Dataset excerpts:
[Start of section]

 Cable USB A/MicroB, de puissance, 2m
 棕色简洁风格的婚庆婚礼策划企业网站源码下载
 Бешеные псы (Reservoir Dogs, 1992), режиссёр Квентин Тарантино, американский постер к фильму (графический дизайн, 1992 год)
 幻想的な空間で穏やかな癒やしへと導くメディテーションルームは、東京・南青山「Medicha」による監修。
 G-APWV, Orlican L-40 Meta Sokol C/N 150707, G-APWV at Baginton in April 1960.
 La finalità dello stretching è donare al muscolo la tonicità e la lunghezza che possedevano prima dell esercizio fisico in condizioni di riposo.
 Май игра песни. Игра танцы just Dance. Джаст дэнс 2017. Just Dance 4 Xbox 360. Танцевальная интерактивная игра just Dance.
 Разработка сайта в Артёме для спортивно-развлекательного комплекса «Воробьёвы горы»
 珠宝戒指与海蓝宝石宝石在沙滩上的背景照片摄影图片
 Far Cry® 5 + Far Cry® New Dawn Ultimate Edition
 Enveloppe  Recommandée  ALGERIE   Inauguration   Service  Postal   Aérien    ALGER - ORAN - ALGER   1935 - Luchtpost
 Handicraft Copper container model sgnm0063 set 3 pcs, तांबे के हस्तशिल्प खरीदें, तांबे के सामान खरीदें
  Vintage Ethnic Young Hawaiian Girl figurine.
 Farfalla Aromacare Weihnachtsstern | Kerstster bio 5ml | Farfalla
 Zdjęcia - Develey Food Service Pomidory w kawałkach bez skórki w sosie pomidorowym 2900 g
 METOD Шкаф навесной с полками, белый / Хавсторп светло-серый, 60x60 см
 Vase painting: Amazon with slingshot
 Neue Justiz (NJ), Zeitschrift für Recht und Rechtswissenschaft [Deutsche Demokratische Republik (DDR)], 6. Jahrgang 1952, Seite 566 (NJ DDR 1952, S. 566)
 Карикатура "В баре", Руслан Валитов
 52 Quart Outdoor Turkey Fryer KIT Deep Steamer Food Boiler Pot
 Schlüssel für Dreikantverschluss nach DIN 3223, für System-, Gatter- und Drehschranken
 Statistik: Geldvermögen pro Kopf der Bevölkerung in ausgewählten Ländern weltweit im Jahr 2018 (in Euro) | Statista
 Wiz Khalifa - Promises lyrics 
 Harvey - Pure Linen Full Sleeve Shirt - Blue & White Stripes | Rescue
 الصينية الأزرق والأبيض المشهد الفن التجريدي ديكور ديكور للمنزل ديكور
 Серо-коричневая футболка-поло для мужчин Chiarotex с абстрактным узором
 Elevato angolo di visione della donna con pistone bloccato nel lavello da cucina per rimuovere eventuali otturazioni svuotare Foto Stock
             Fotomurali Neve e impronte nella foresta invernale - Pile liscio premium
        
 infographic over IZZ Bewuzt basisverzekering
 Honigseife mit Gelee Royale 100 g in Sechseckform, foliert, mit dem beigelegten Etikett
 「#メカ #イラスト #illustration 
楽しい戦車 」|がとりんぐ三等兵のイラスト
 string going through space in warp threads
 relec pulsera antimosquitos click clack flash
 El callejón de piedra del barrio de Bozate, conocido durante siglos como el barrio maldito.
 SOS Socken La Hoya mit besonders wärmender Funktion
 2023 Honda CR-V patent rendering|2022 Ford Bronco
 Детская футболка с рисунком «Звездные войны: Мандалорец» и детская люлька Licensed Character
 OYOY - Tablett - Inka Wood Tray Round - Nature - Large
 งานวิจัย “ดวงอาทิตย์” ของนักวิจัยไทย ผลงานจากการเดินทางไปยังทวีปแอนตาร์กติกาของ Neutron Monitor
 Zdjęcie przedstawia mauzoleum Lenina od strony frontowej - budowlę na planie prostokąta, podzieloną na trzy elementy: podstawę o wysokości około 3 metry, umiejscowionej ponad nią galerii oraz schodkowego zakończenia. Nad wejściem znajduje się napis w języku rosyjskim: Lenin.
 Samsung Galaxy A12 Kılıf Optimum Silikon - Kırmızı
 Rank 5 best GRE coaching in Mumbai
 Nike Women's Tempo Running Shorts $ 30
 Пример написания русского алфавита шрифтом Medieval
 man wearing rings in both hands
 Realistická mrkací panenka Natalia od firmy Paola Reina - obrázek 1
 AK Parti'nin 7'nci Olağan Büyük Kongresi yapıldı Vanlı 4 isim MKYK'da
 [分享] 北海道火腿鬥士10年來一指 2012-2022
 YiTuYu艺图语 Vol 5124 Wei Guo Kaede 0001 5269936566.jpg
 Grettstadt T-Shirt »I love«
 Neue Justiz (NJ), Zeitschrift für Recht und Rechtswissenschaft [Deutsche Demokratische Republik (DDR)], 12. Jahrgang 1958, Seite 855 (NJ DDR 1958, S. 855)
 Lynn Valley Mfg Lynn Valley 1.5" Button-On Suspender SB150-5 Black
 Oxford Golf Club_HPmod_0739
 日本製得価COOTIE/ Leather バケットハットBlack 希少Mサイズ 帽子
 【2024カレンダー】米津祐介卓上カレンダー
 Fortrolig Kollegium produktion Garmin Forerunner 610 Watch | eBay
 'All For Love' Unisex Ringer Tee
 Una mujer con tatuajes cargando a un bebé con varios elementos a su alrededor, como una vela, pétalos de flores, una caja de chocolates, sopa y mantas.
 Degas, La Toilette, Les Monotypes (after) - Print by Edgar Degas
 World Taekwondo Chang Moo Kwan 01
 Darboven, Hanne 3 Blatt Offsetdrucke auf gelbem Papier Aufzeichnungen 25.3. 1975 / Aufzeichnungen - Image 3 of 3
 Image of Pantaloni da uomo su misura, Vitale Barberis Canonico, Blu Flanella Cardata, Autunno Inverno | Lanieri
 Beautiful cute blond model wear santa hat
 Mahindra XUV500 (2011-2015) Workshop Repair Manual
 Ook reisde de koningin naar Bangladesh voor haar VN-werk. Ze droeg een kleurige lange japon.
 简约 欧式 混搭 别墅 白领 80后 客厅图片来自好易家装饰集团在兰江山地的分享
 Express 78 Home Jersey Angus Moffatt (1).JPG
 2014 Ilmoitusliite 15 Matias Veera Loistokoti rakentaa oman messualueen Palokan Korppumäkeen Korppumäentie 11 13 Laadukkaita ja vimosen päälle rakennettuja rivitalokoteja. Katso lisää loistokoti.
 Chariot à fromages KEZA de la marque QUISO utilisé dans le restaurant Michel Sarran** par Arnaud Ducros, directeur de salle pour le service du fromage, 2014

[End of section]

- **Exercise details**
An exact copy of the lines above between the line holding "infographic over IZZ Bewuzt basisverzekering" and the line holding "relec pulsera antimosquitos", inclusive, is the whole answer.

- **Written response**
 infographic over IZZ Bewuzt basisverzekering
 Honigseife mit Gelee Royale 100 g in Sechseckform, foliert, mit dem beigelegten Etikett
 「#メカ #イラスト #illustration 
楽しい戦車 」|がとりんぐ三等兵のイラスト
 string going through space in warp threads
 relec pulsera antimosquitos click clack flash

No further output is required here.